While the airline seeks to reduce plane leasing and other costs, Gordhan said it could take two or three years to come up with a financially credible plan for SAA.

However, in the view of Minister Lynne Brown, merging the airways cannot be attainable. Her view on this move is described as a shift from Gordhan’s statement that during his February budget speech that state government need not to invest in four state-owned airlines (including minority-owned South African Airlink).

Brown insisted in an interview on Sunday that no firm decision had been taken and that the transaction adviser that the department and the Treasury were in the process of appointing would provide guidance. The aim would be to achieve efficiencies, economies of scale and better co-ordination of routes



She said she would prefer to have the three state-owned airlines , and possibly South African Airlink, merged, but did not believe this scenario was likely.
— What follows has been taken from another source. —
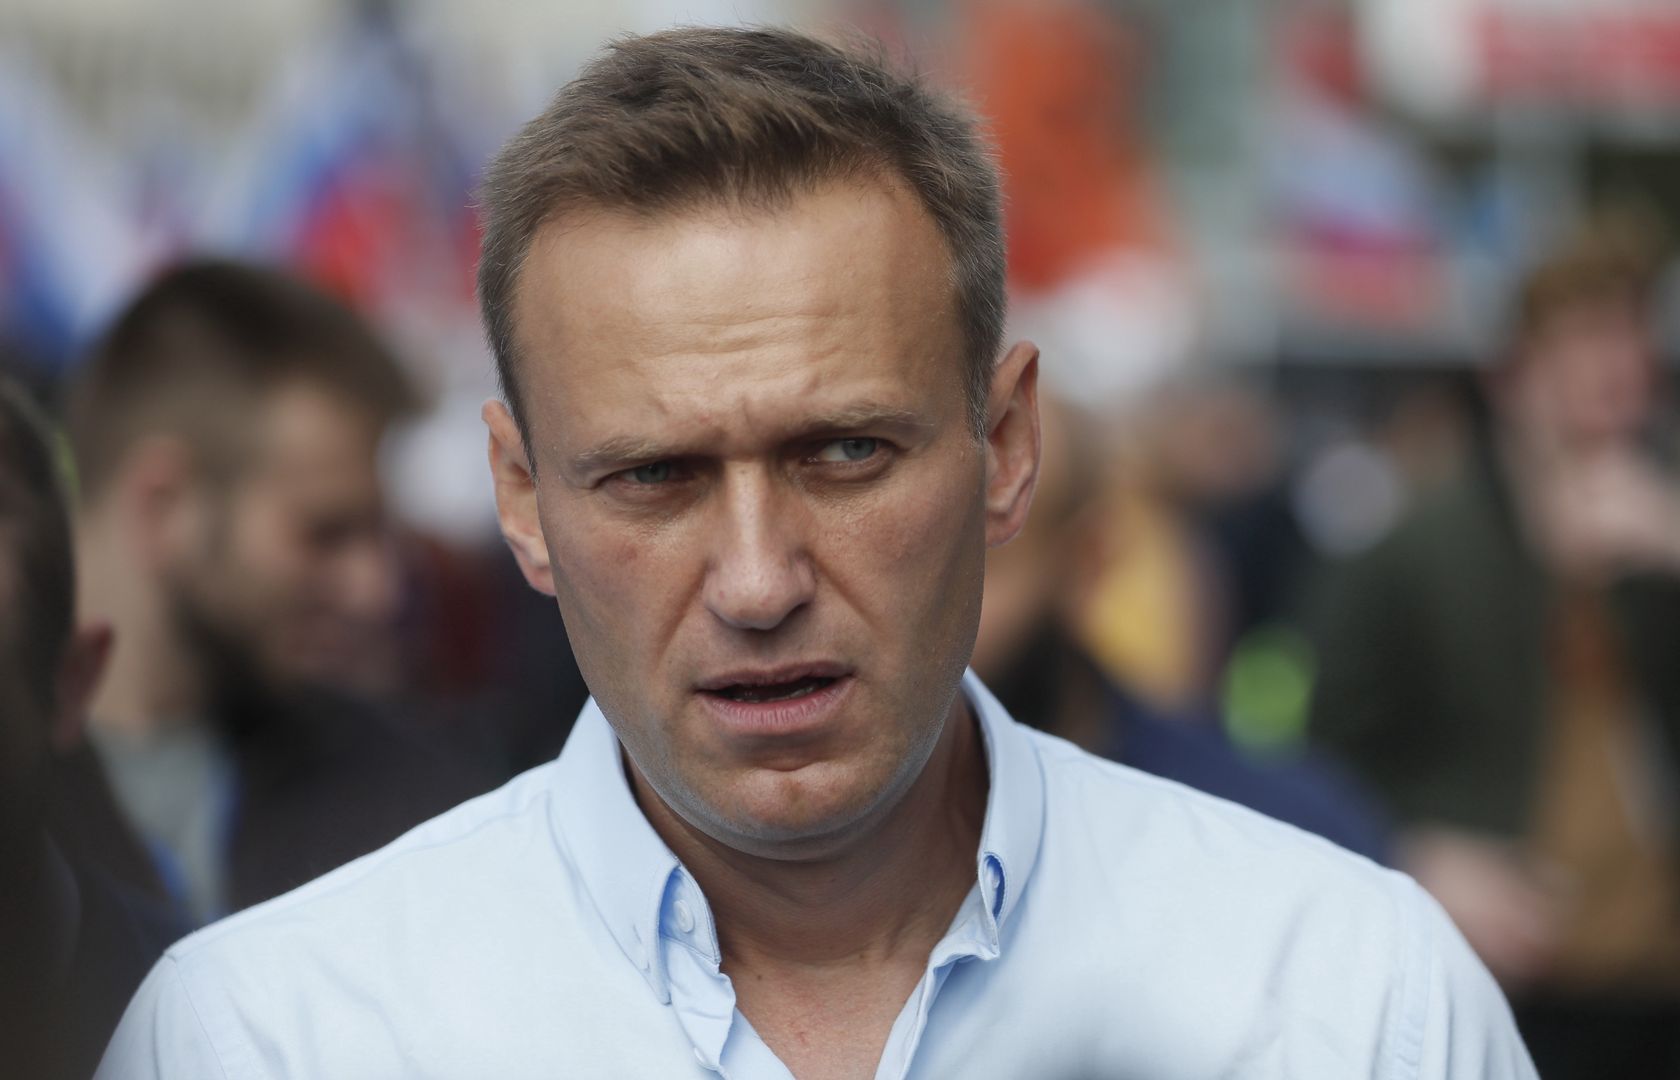 Nowe informacje w sprawie Nawalnego. Wiedzieli wszystko

She said while speaking at the Airlines Association of Southern Africa’s 46th annual general assembly in Swakopmund, Namibia, on Friday that full details about the introduction of an equity partner could be made by the finance minister in his budget speech in February.

“All my discussions with industry role players is that a merger would be too difficult. One out of three companies owns the paths that they operate on…. What we need to do is force them to work together and at the moment that isn’t so,” she said adding that an example of medium-haul airlines were those in North Africa.

Such a tie-up would bring benefits both for the equity partner as well as for SAA, which operates the long-haul route to SA. The inclusion of an equity partner “will include bringing in managerial, technical and other level support”, the minister said. “We need them to be able to give us dividends, because they are economically, financially stable.” she clarified.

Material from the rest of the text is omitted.